FDE Bonus Project 3 - K Nearest Neighbors

Reminder

Use Linux as operating system to work on this task. We cannot provide support for any Windows or macOs related problems.

Task

This README provides the technical details for the bonus project task. You can find the high level description either in this repository Bonus3.pdf or in the Moodle course.

Implement an efficient K Nearest Neighbors algorithm for a directed graph in the function getKNN() in include/KNN.hpp. All solutions that compute correct results and achieve a time measurement better than 2 minutes on the leaderboard will be accepted for the bonus. It is sufficient to implement a single-thread solution, you do not need any parallelization.

Your implementation of getKNN() should return the K Nearest Neighbors as a vector of Matrix::Entries, where each Entry consists of column = the result node and weight = cost of the cheapest path from start node to this result node.

Code base & dataset

You only need to implement the K Nearest Neighbors algorithm itself in the function getKNN(). We provide you the functions to read the graph file and create a matrix in include/Matrix.hpp.
The file also contains a description of the matrix structure and the dataset format. However, the only function of the matrix you will need is getNeighbors().

Testing your solution

We provide you a smaller, but sufficient dataset (~50MB) in test/data/dataSmall.mtx to test your implementation, a test suit test/data/GraphTests.cpp and a function for developmental and experimental use src/ForTesting (you probably won't need it).

You can run the test suit executing test_all. To execute forTesting you have to provide the correct program arguments: CLion Tutorial . The binary takes three arguments:
forTesting <absolute path> <start node> <k = number of nearest neighbors>
Please provide the absolute file path and make sure it does not contain whitespaces. We provide an example in the file src/ForTesting.cpp.

Also, feel free to add tests if needed!

Leaderboard benchmark

For the leaderboard measurement we will run the binary compiled from BenchmarkLeaderboard.cpp (CMake binary bench) for four queries with different start nodes and k nearest neighbors. The used dataset (500MB) has 400000 nodes with an average number of 50 outgoing edges per node. The overall runtime from start to end is measured.

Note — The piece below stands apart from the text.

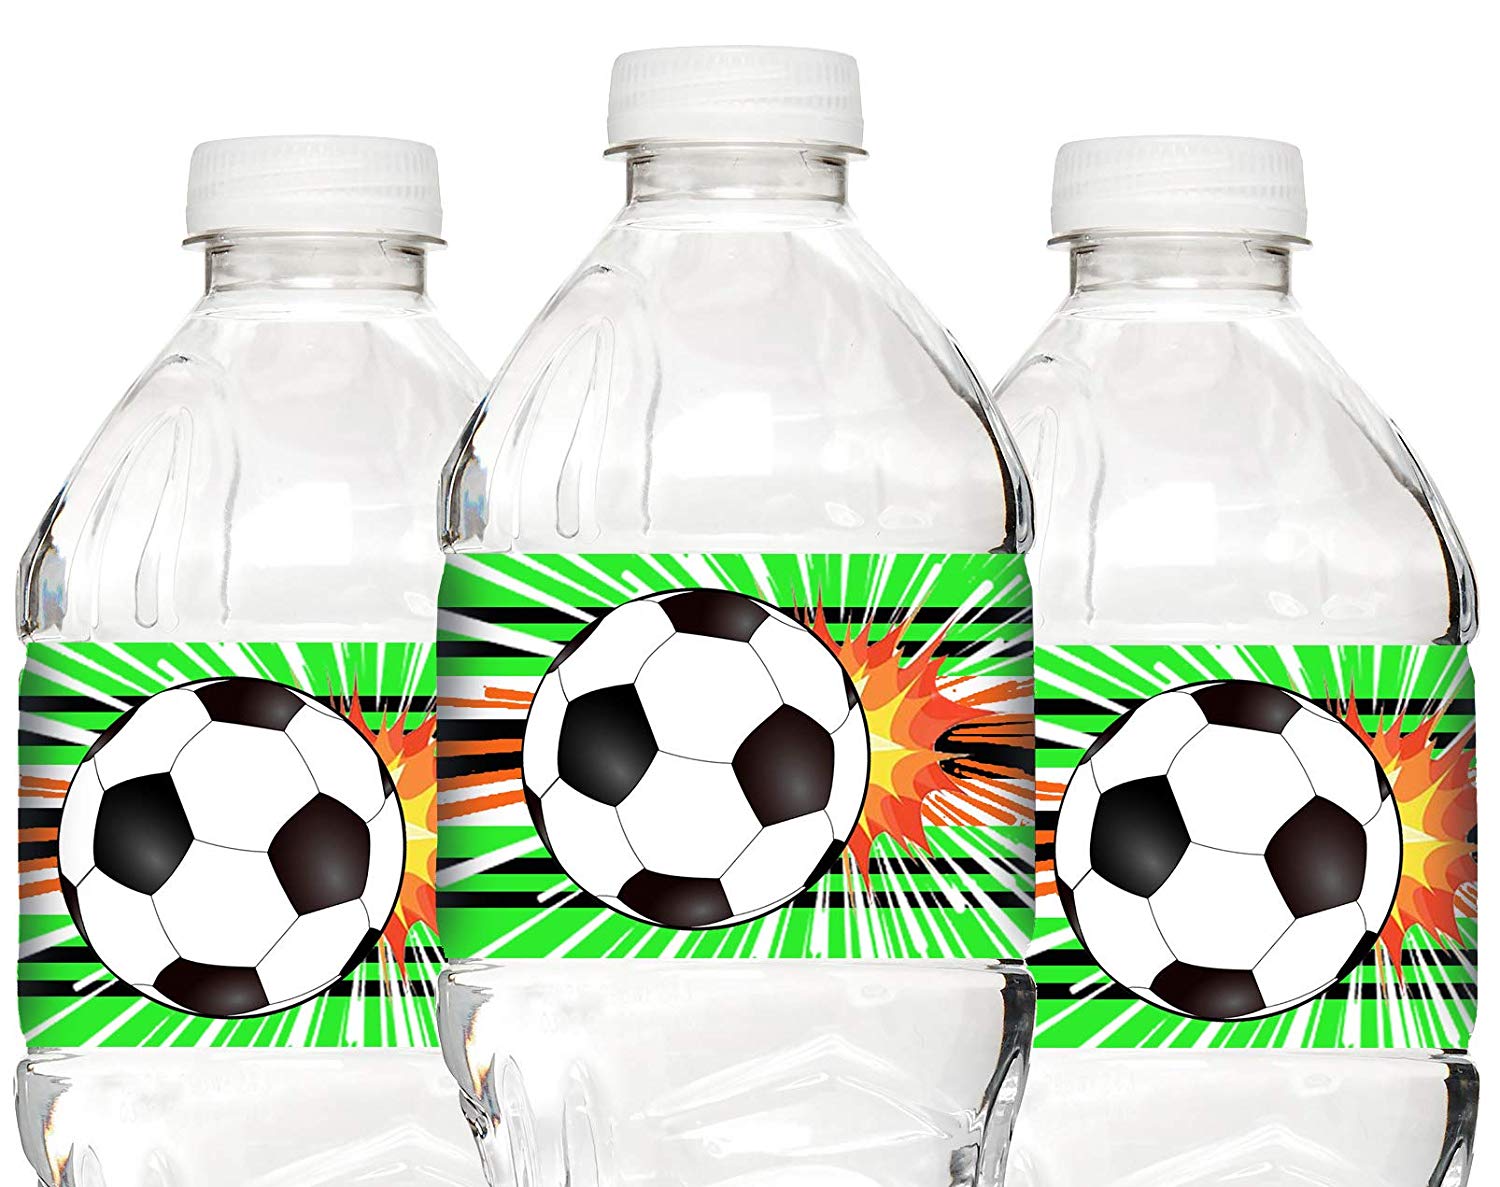 https://poppartiesink.com/wp-content/uploads/imported/Soccer-Waterproof-Bottle-Labels-20-Bottle-Labels-Soccer-Party-Decorations-Soccer-Party-Supplies-Bottle-B07N79HYZ3.jpg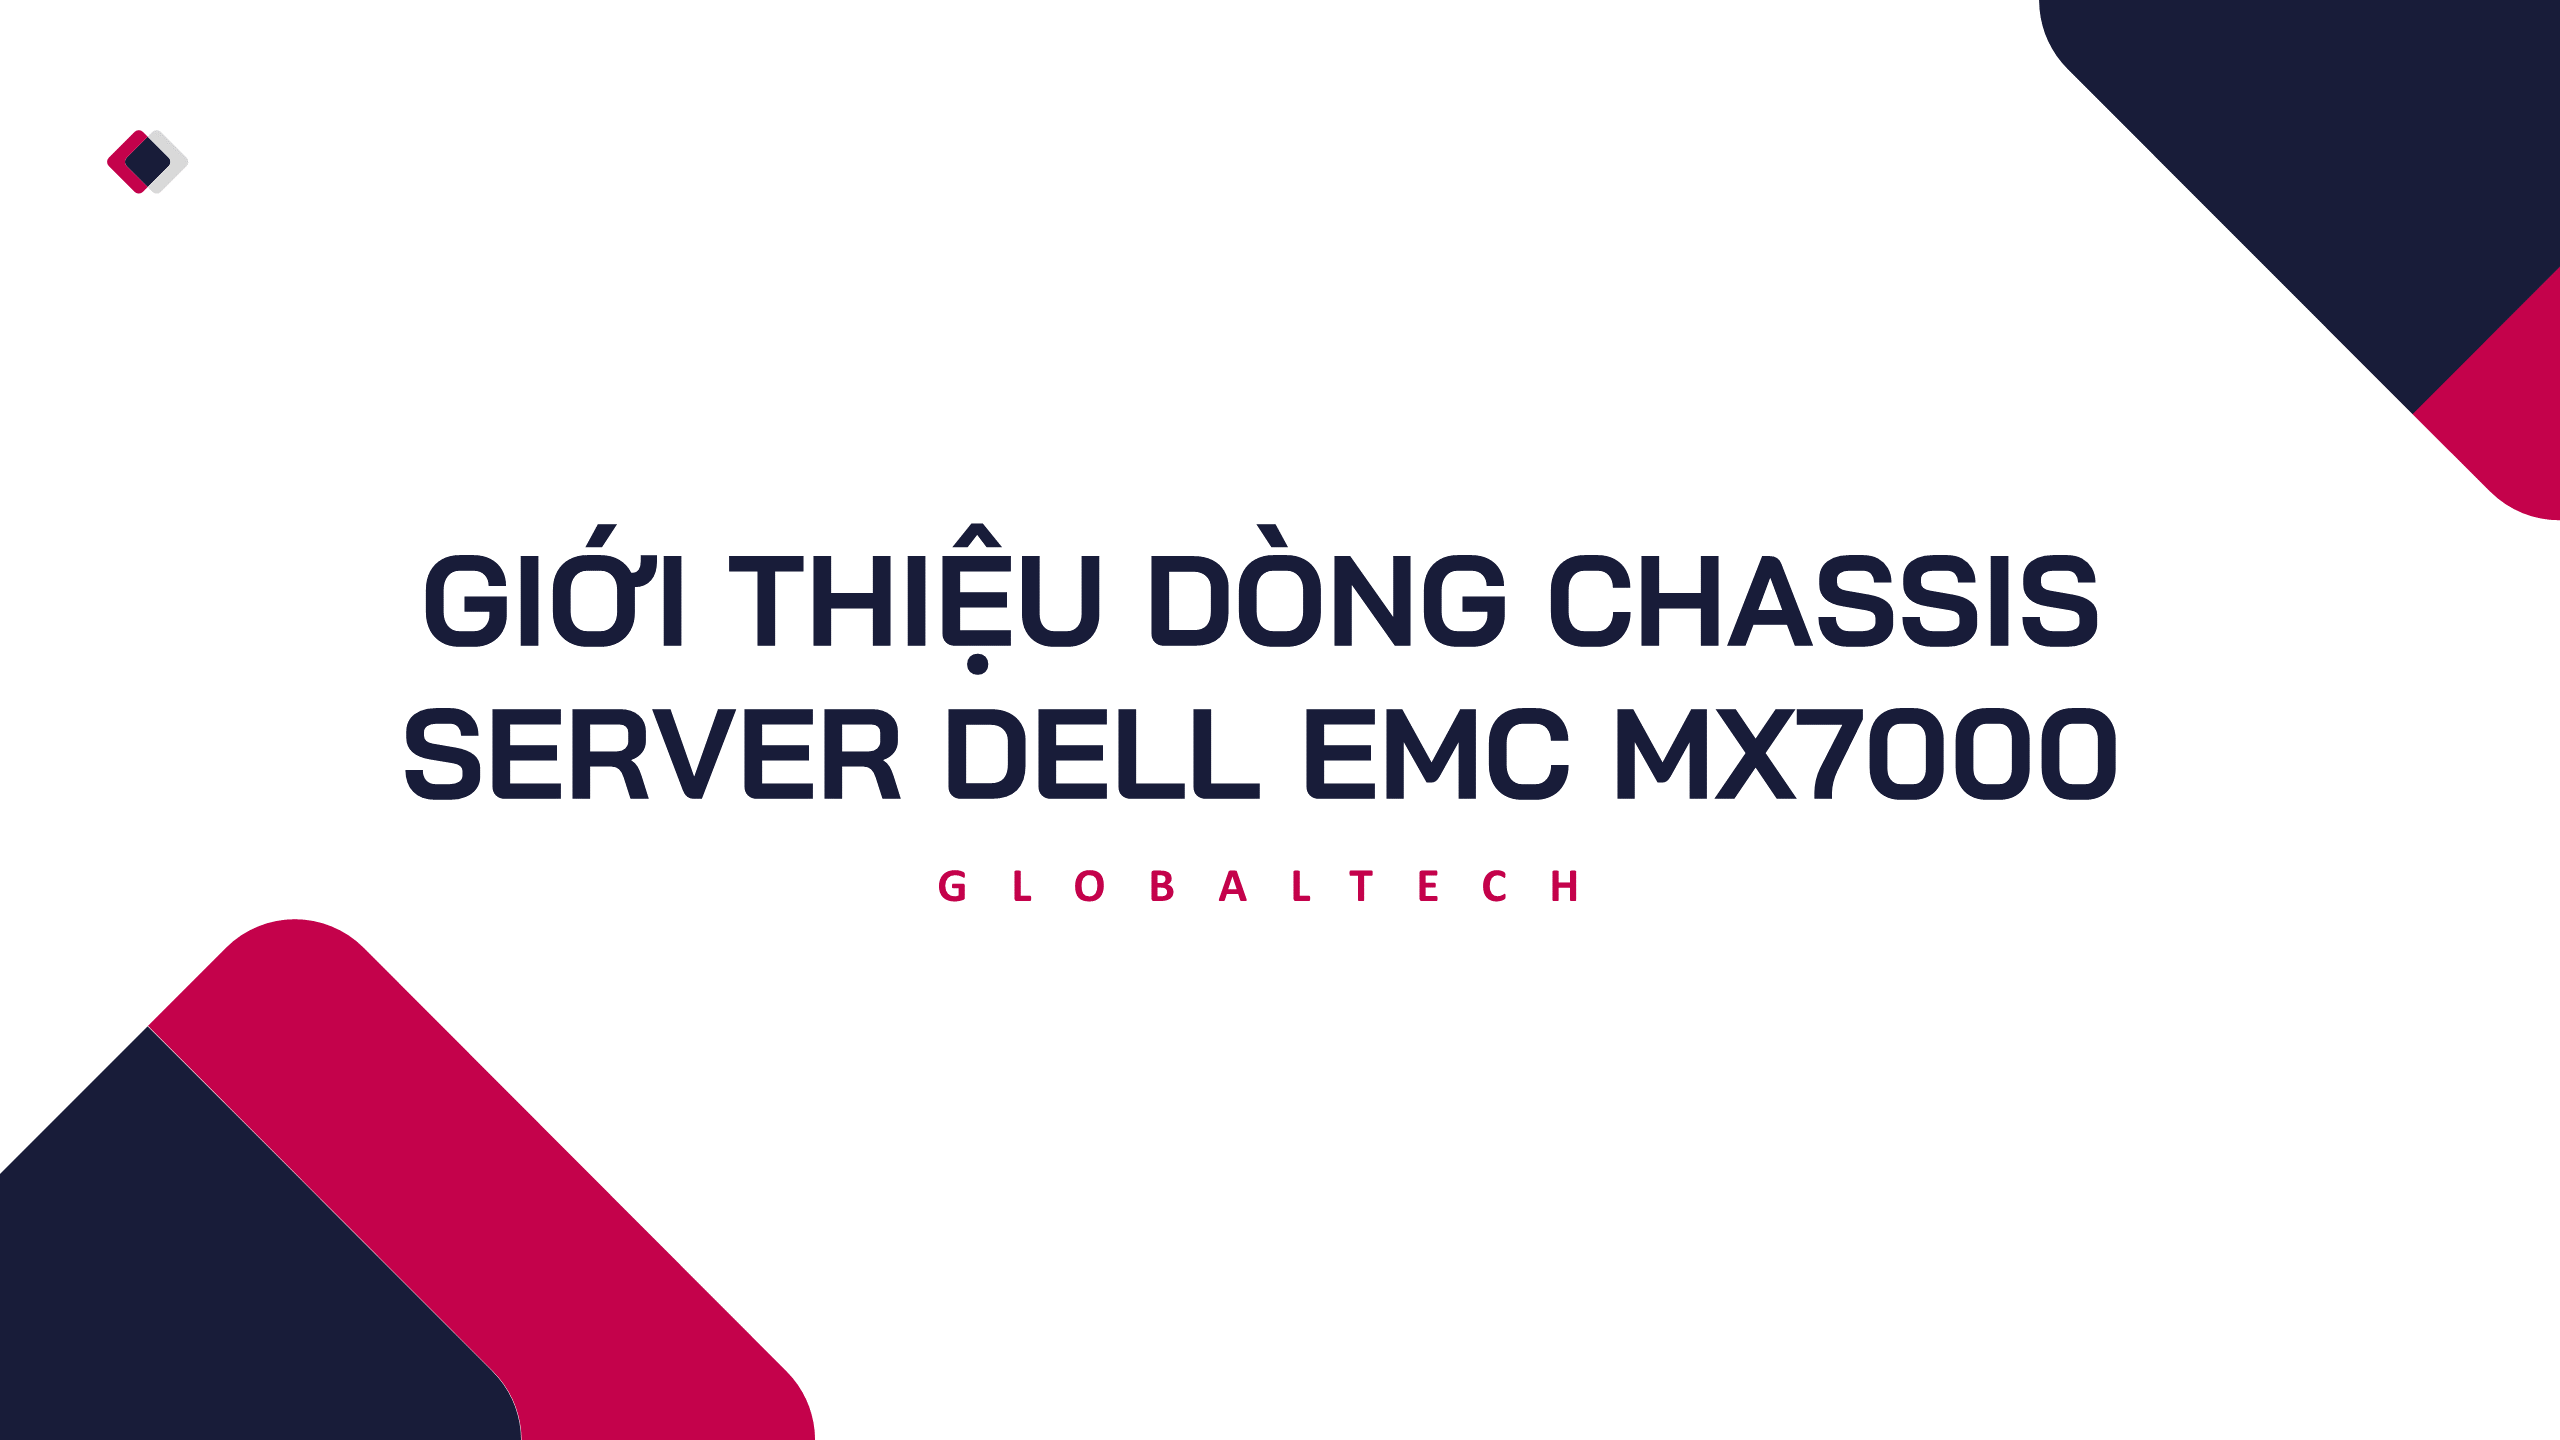 GIỚI THIỆU DÒNG CHASSIS SERVER DELL EMC MX7000

We use the same machine as for the previous projects:
Intel(R) Core(TM) i7-4770K CPU @ 3.50GHz with 4 cores, 8 hyperthreads and 32GB of memory.

Important: Remove all prints on cout before uploading onto the server, because we use cout to collect the results of the four different queries. If you don't remove them, you will receive the output "what(): Your result was wrong." (which is identical to a real wrong result).

Build

We provide you a configuration file to build this project with CMake. This allows you to build the project in the terminal but also provides the option to use Jetbrains CLion, Microsoft Visual Studio and other IDEs. We recommend using the free educational version of CLion to work on the project using CMake.

Building from Terminal: Start in the project directory.

mkdir -p build/debug
cd build/debug
cmake -DCMAKE_BUILD_TYPE=Debug ../..
make

This creates the binaries test_all, bench and forTesting.

Submit

  1. Change Teamname, Realname and MatrNr in team.txt. The Teamname will be displayed publicly on the leaderboard. You can choose an arbitrary name for this, but you are also welcome to use your real name. The Realname and MatrNr will be used later to verify your submission for the grade bonus.
  2. Implement the task.
  3. Commit your changes in git and push to the gitlab repository.
  4. The build system will pick up your changes and evaluate the submission. If all tests succeed, your binary is handed over to the performance measurement harness. The resulting times will be entered into the leaderboard.
  5. Visit http://contest.db.in.tum.de/ to see your result.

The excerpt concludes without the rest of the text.